There's also a sense that most objects I deal with are at rest
and have nothing to do most of the time; they only wake up and
have something to do in response to some specific external
event.
When the counter has dropped to zero, the object can be
destroyed, reused, cached, ect.
You're missing the point. If the object has a determinate
lifetime, and something occurs to make that lifetime end, then
it must be terminated. Whether it is still accessible or not.
Later accesses are a programming error, but delaying termination
would also be an error. Depending on other design
considerations, this may be handled by putting the object in a
specific, invalid state, and signaling the error on next use, or
by some form of the observer pattern, notifying all clients of
the objects demise.
No dynamic object should be able to acquire a reference to an
object whose reference count is zero.
And if I don't use reference counting?
An object may or may not be reachable. If the object has an
indefinite lifetime, the fact that it is no longer reachable
means that we can reuse its memory. If the object has a
definitely lifetime, and that lifetime has not ended, the fact
that it is no longer reachable is an error in the program; if
that lifetime has ended, the fact that it is reachable is
irrelevant, since it cannot be used.
A Proxy GC will call an in-quiescent state callback function
for an object when it determines that said object has quiesced
(e.g., unreachable). This is analogous to a reference counting
algorithm dropping the count to zero and subsequently
notifying the application via. callback. Imagine if
shared_ptr did not call dtor, but called a function that
allowed an application to decide what to do.

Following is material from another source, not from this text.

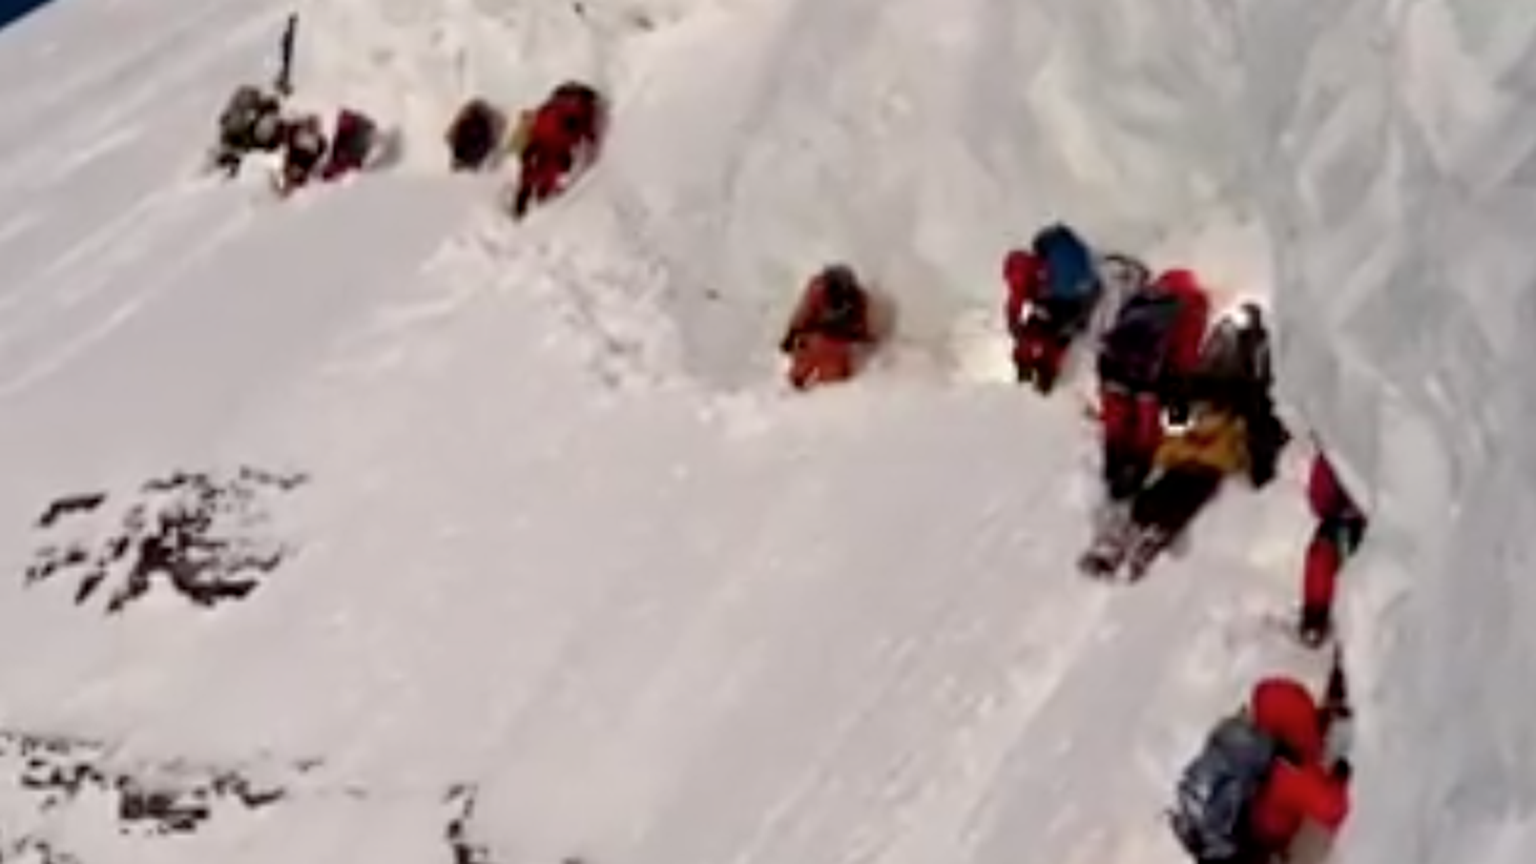 Drama am K2: Bergsteiger ignorieren sterbenden Helfer

Boost::shared_ptr does. I use it to release locks, for example.
Of course, in such cases, there are other pointers to the object
as well.
It can call the objects dtor, or cache it, or immediately
reuse it, whatever, the object is quiescent.
But those are all implementation details. Generally speaking,
if we use garbage collection:
-- if the object has an indeterminate lifetime, garbage
collection handles it perfectly---we don't need any
additional code, and
-- if the object has a determinate lifetime, garbage collection
allows protection against errors:
o since the memory won't be reused as long as it is
reachable, we can set a flag when the object is
terminated, and test the flag in each use of the object,
triggering an error in case the flag is set, and
o if the garbage collector supports finalization (i.e.
calls a function when the object ceases to be reachable,
before recycling the memory), we can verify that the
object has been correctly terminated before it became
unreachable.
It can be reused, cached, the dtor can be called, ect.
Nominally, except for memory management issues, there's no
reason for such an object to have a destructor. If we consider
conceptually infinite memory, and that allocation and
deallocation are not observable behavior, then the fact that an
object with indeterminate lifetime is no longer reachable has no
logical effect on the program. The object just "disappears".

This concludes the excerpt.